[Provided data]
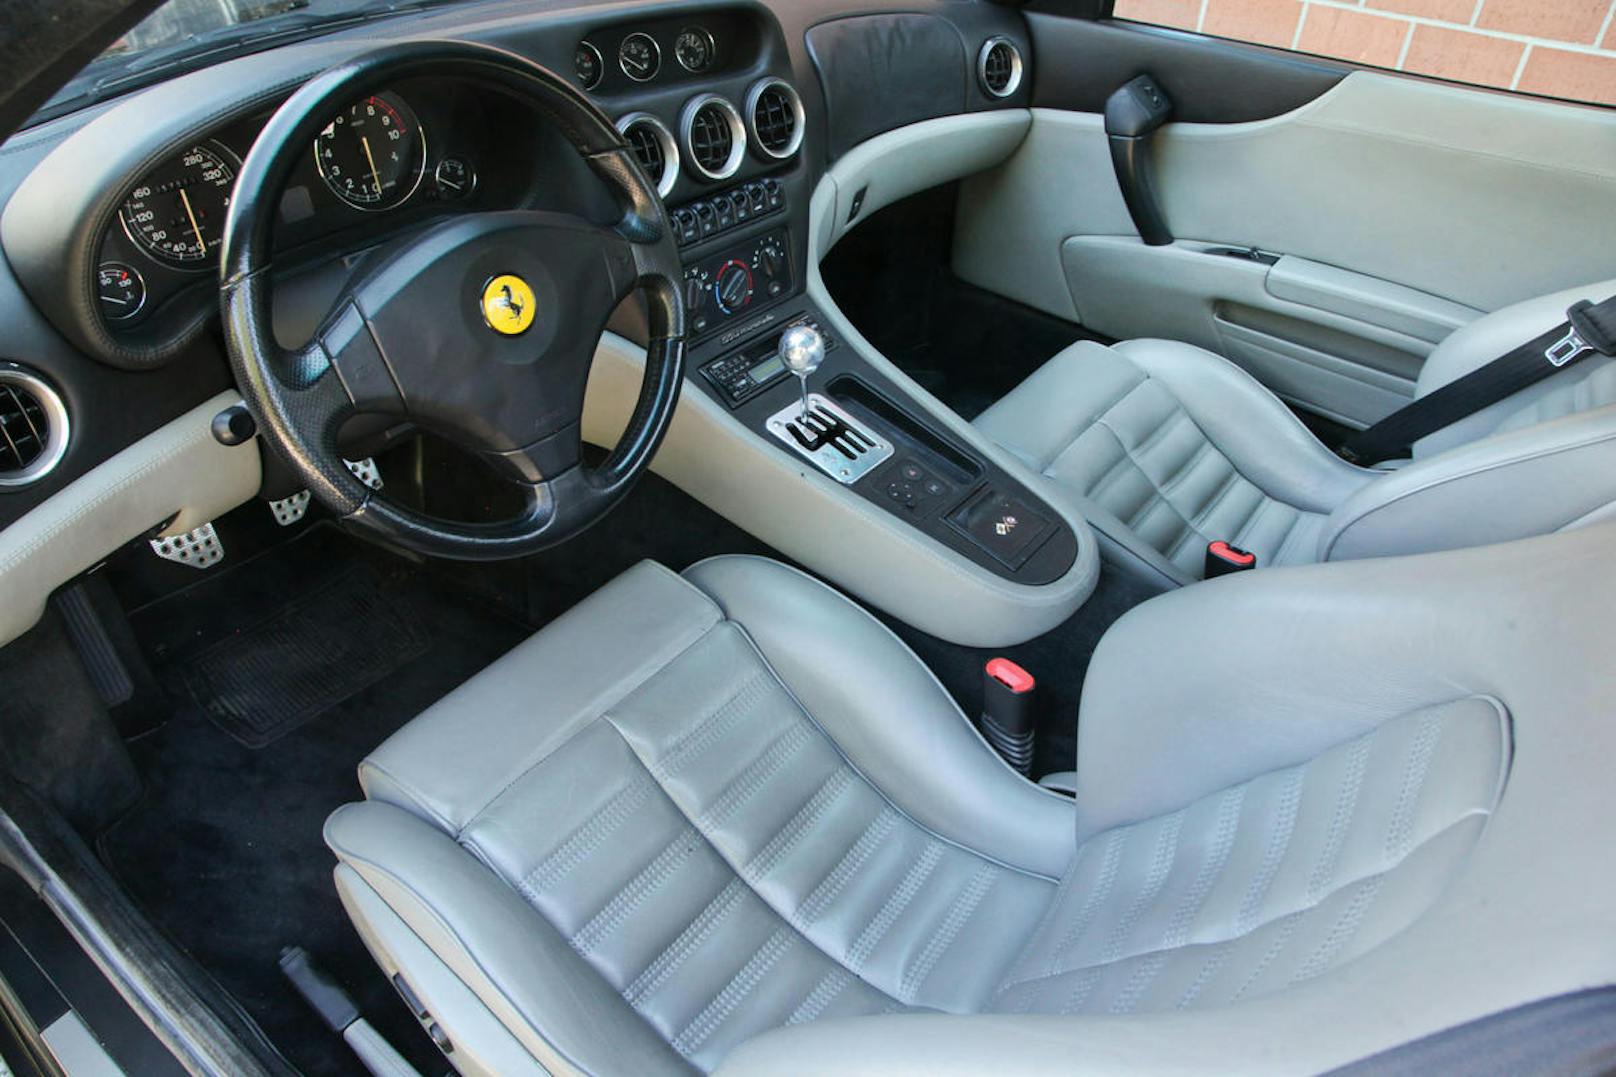 Bequeme Sitze mit gutem Seitenhalt machen den Aufenthalt im Ferrari auch auf Langstrecken angenehm.
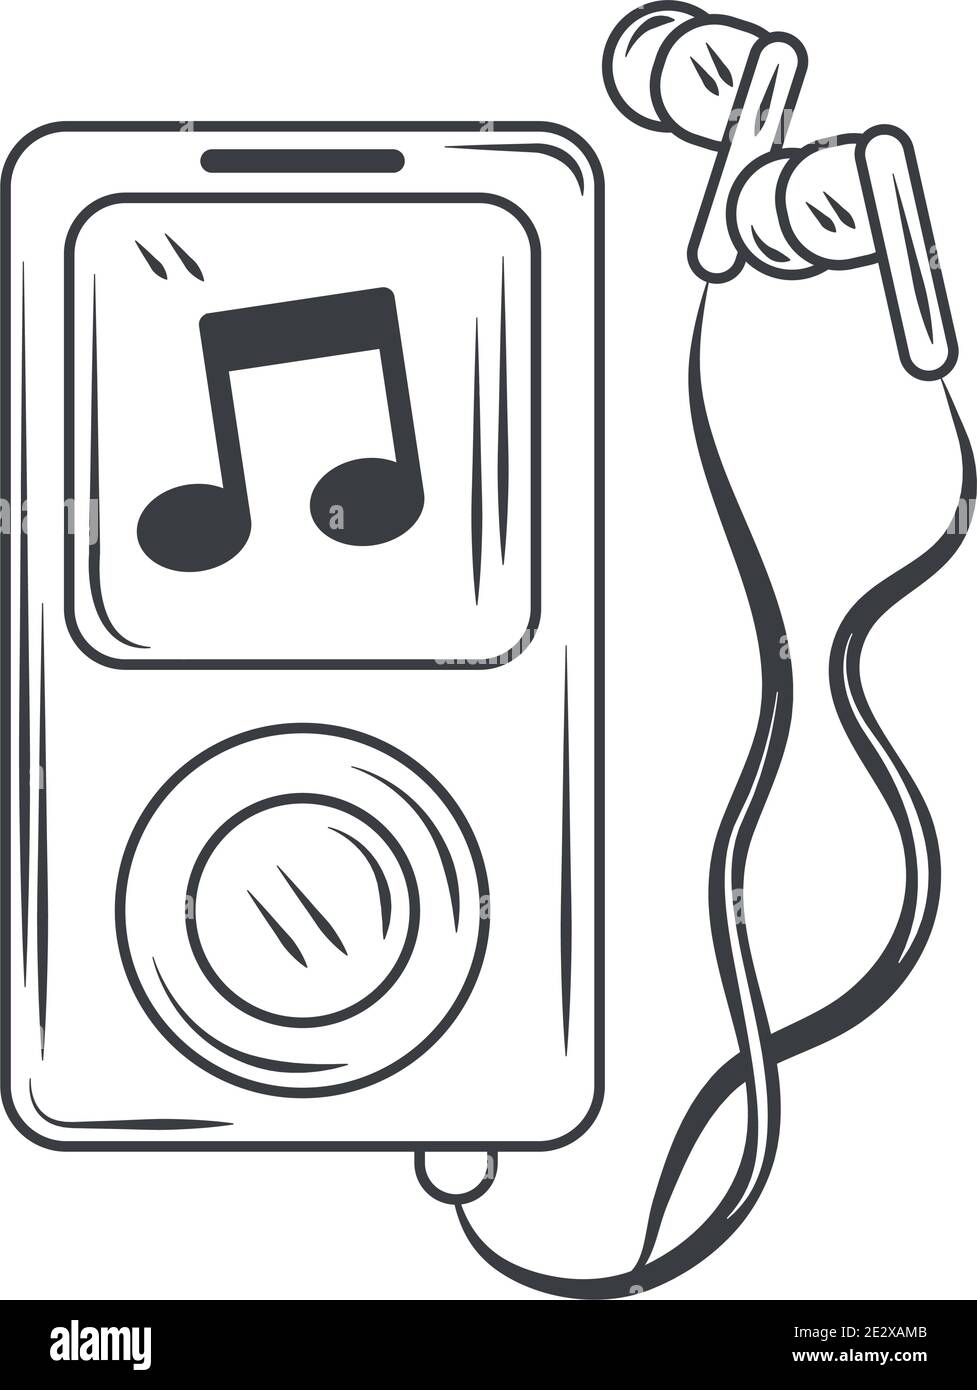 hobby escuchar música mp3 y auriculares, dibujo estilo vector ilustración  Imagen Vector de stock - Alamy
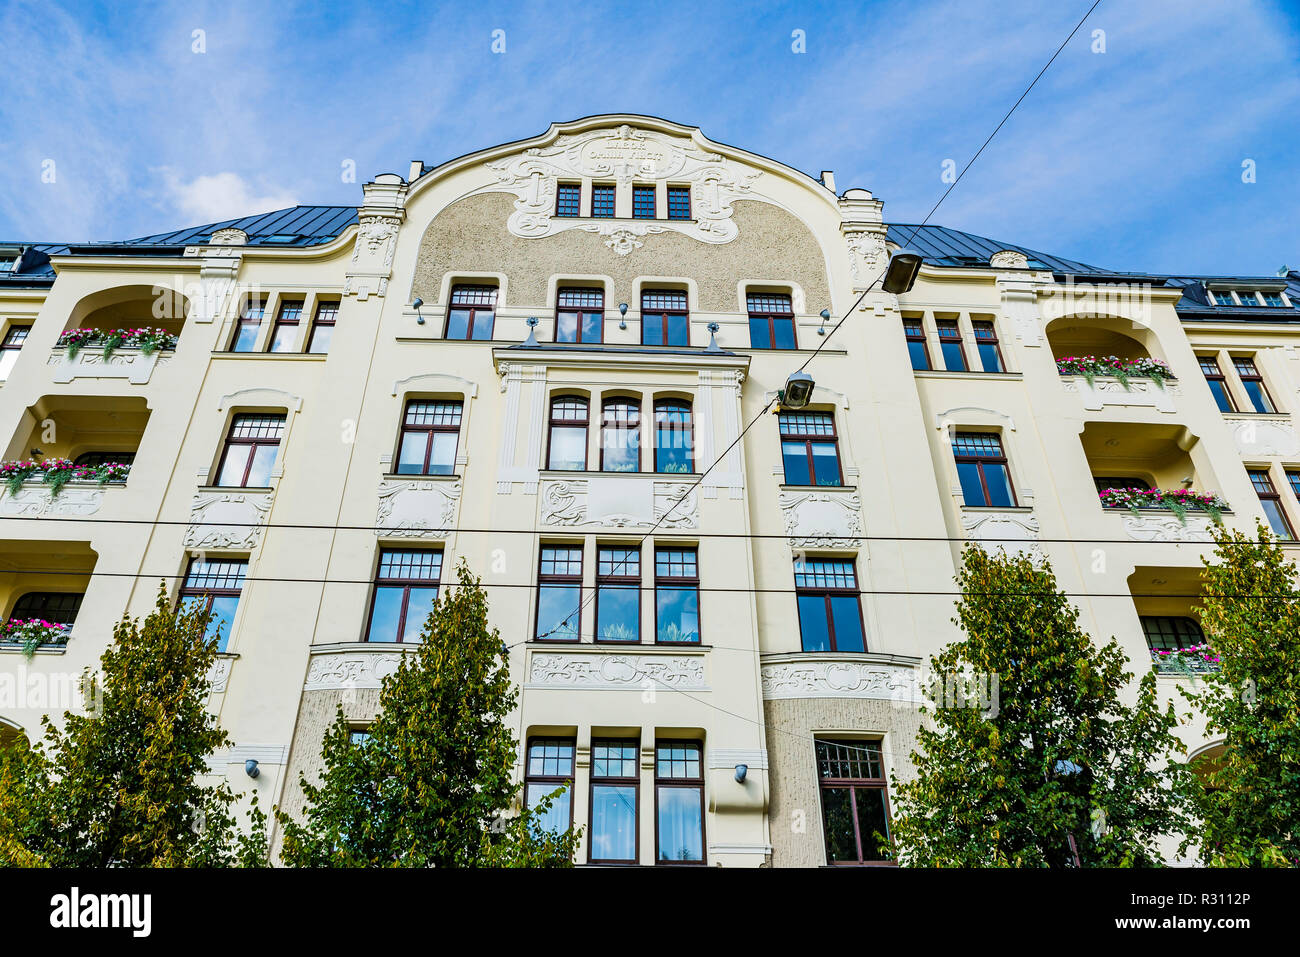 L'architecture Art Nouveau de Riga - Elizabetes iela 23 - Construit en 1903 par l'architecte Herman Hilbig. ABLV siège de la Banque mondiale. Riga, Lettonie, Pays Baltes, Banque D'Images

[Task objective] Could you copy the data above exactly, leaving the pictures out?

[Result of the exercise]
 Bequeme Sitze mit gutem Seitenhalt machen den Aufenthalt im Ferrari auch auf Langstrecken angenehm.
 hobby escuchar música mp3 y auriculares, dibujo estilo vector ilustración  Imagen Vector de stock - Alamy
 L'architecture Art Nouveau de Riga - Elizabetes iela 23 - Construit en 1903 par l'architecte Herman Hilbig. ABLV siège de la Banque mondiale. Riga, Lettonie, Pays Baltes, Banque D'Images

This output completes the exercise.